At nine thirty five, the Minister of Finance heard the expected knock on the door. Placing his empty glass on the cabinet, he pushed the half bottle of Glen Scotia away out of sight and closed the glass front. Then he walked to the door, greeted a short, balding man in a dark suit and primrose yellow tie and ushered him to sit in one of the gold braded arm chairs next to the glass topped table and the tray of coffee.
But just as the Minister started pouring the steaming, black coffee, a small red light appeared on some electronic equipment laid out in the kitchen of an apartment in a grey, concrete block less than a mile away. Sat alongside it were three men, one a tall, well groomed man in a smart suit and tie, the other two wearing casual clothes. All three wore headphones.
"He's in, sir," said an American voice, "A pity about the sound quality - it's the fucking walls but OK, we're recording......sorry for the language, sir......and that's the Minister's voice, sir........and the other belongs to our little friend from the Central Bank......Shahid Masud."
There was a long pause as the three Americans listened through headphones. Then:
"Hear that name, sir?"
"Did he say Mendes?" the suited one asked.
"Yep. I reckon. It proves Mendes is involved somehow, somewhere. That's the second time in a week we've taped something. It just adds to suspicions but it's still not enough to do anything."
"Silvester Mendes, huh? Jesus."
"Yep.......that's just what we wanted you to hear, sir......listen now, sir. Hear that? Government contracts. They're now talking online tenders. It'll be another fucking stitch up ..... sorry 'bout the language, sir. Any aid going in there is supposed to be awarded via open tenders but it'll probably be another fix, a stitch up by the adjudication committee - chaired by that same little bastard Shahid Masud and signed off by the Minister.......... Listen! 'Education', hear it? Young people, students.' The only beneficiaries will probably be the Minister, this little guy Masud and a few other characters."
The smartly dressed one now asked a question. "That fund they're talking about is not US money, it's European.......it was only officially announced last week and it was in the Minister's budget speech today........." He was interrupted.
"Yep. Dead right, sir. Listen again, sir. Sorry about the sound. They're now talking money transfers. Electronic. Switches. No wonder their foreign exchange reserves dropped by sixty percent last year............OK, listen, that's a new name. Who the fuck is Tahir? And Italy? He just said 'our Italian friend.'..... You get that as well, Steve?
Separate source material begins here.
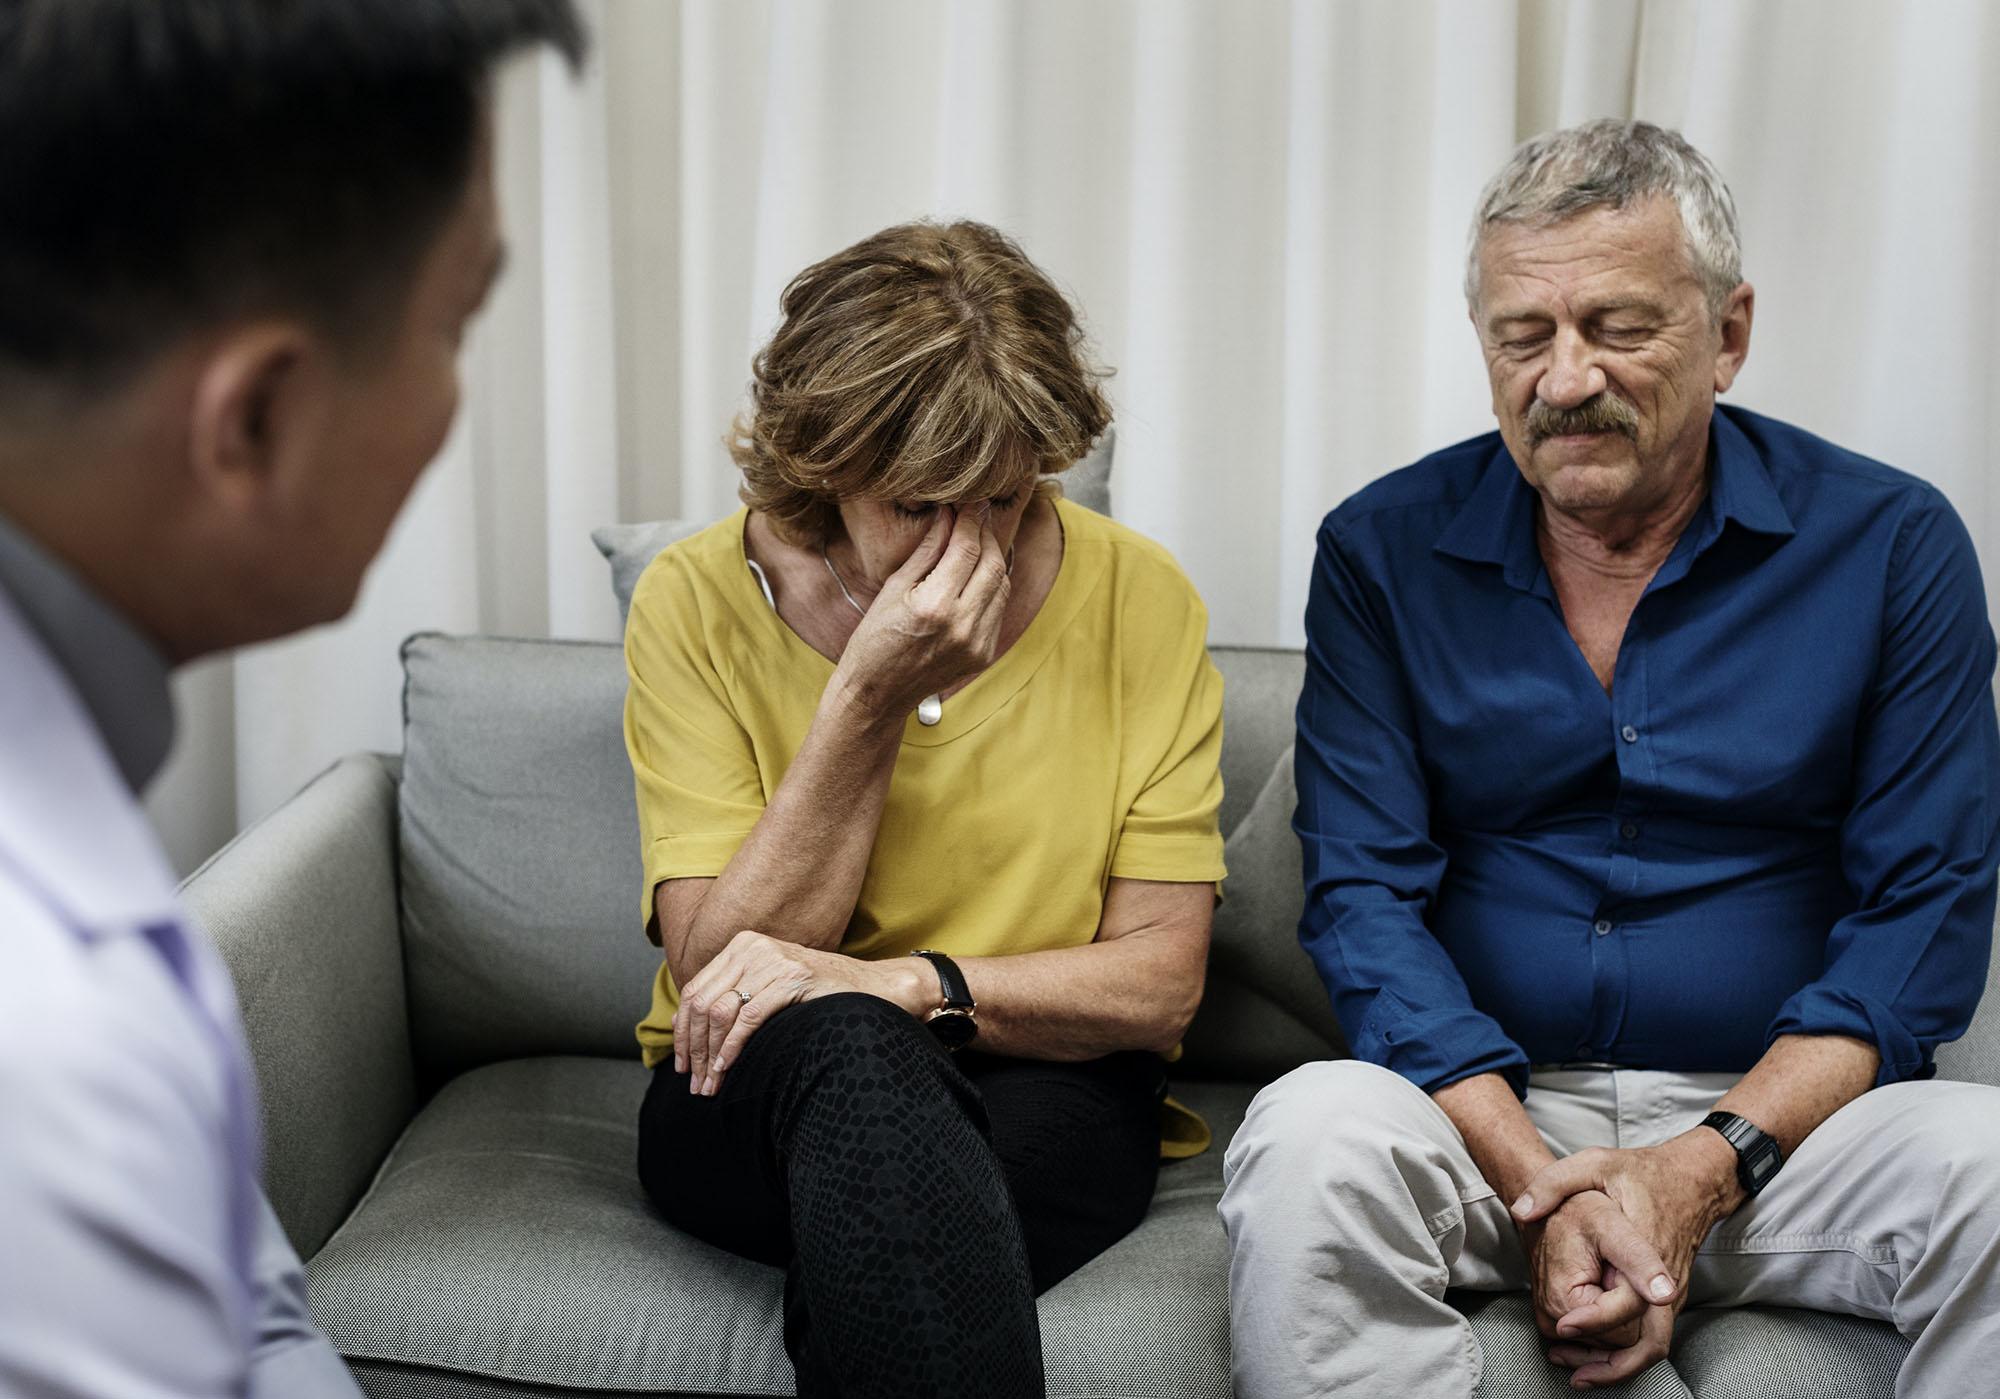 Un couple obtient l'aide d'un thérapeute pour surmonter son chagrin
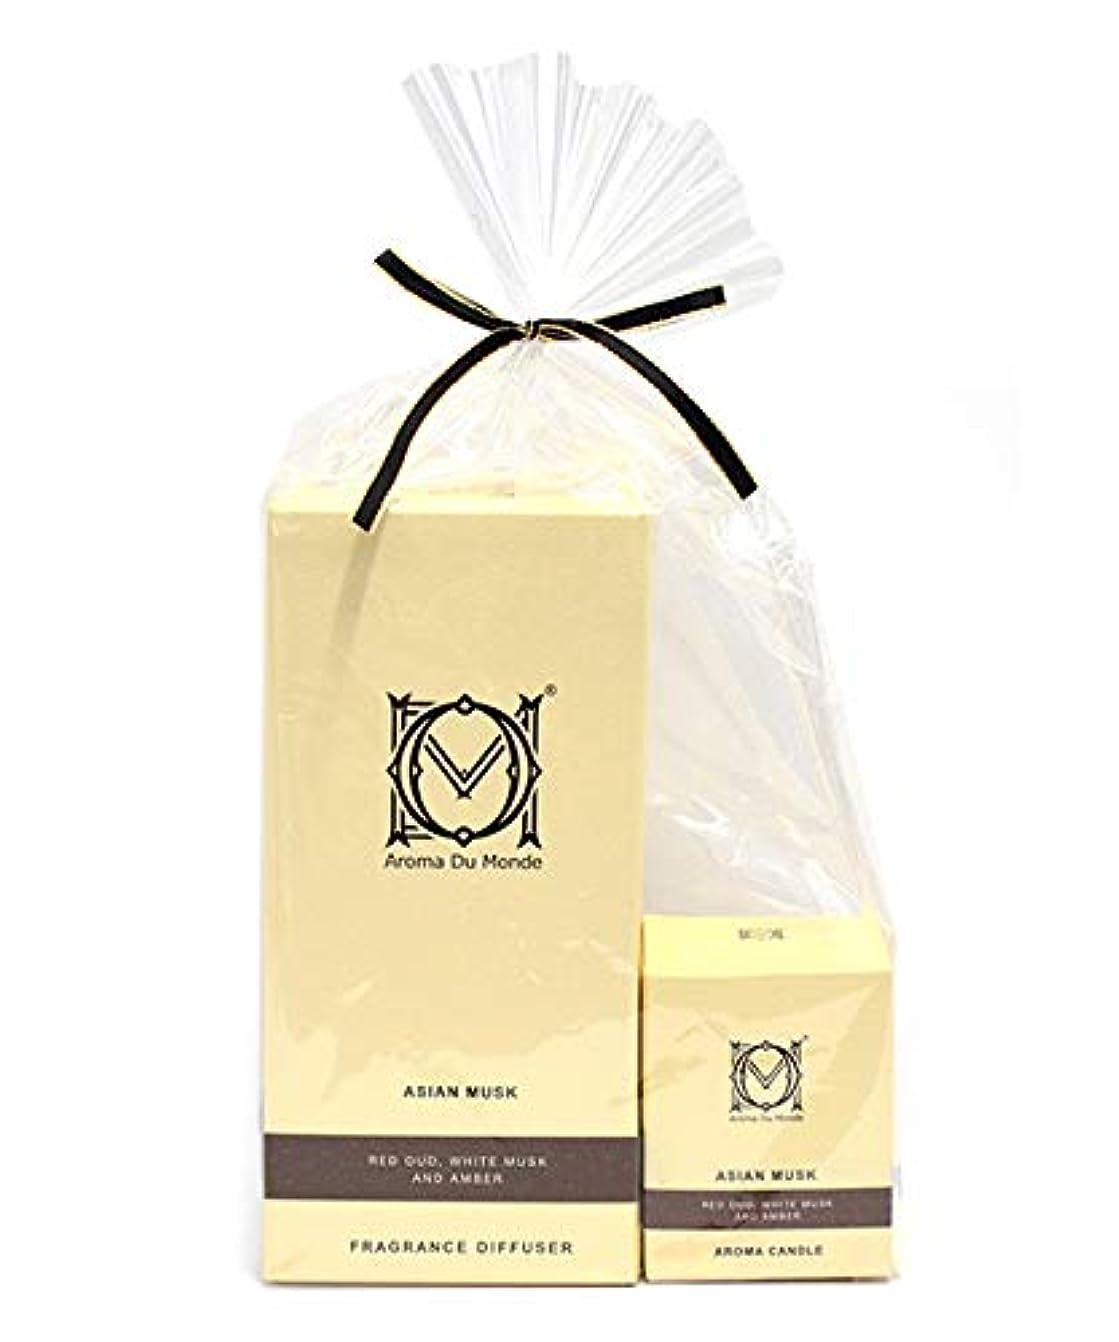 確立します図無限フレグランスディフューザー&キャンドル アジアンムスク セット Aroma Du Monde/ADM Fragrance Diffuser & Candle Asian Musk Set 81157

What's the Italian connection? Don't tell me Silvio's involved here as well, sir. Ha! .......Sorry sir, now they're moving around. Did you hear a name? Weedo? Get that, Steve? Weedo? I think they've already finished. He used a mobile earlier but we couldn't get a fix or enough voice clarity. All we got was a definite mention of Dubai and the Dubai Asia Investment Bank.......and the sound of a bottle........ Yep, they've finished. It's a fucking enormous villa, sir. Gold everywhere and a fucking big jade horse. We got a few pictures inside once. Now the sounds gone. He's probably seeing him to his limousine outside. But, that enough, sir?"
"Yep, keep it coming, boys, but we gotta improve that sound quality." The suited one got up, dropping his headphones alongside the equipment.
"Just one thing. sir. Before you go. Let's check out this guy, Tahir."
There was a pause as the man tapped names into a computer. "It won't take a minute..........there. See? Could that be him? Tahir Babar, nice picture. If that's him then he's another Central Bank Board member. Figure?.......We'll now try for a match. And let's check this Dubai Asia Investment Bank. Ever heard of it?"
The tall, smart one shook his head. "Nope, never."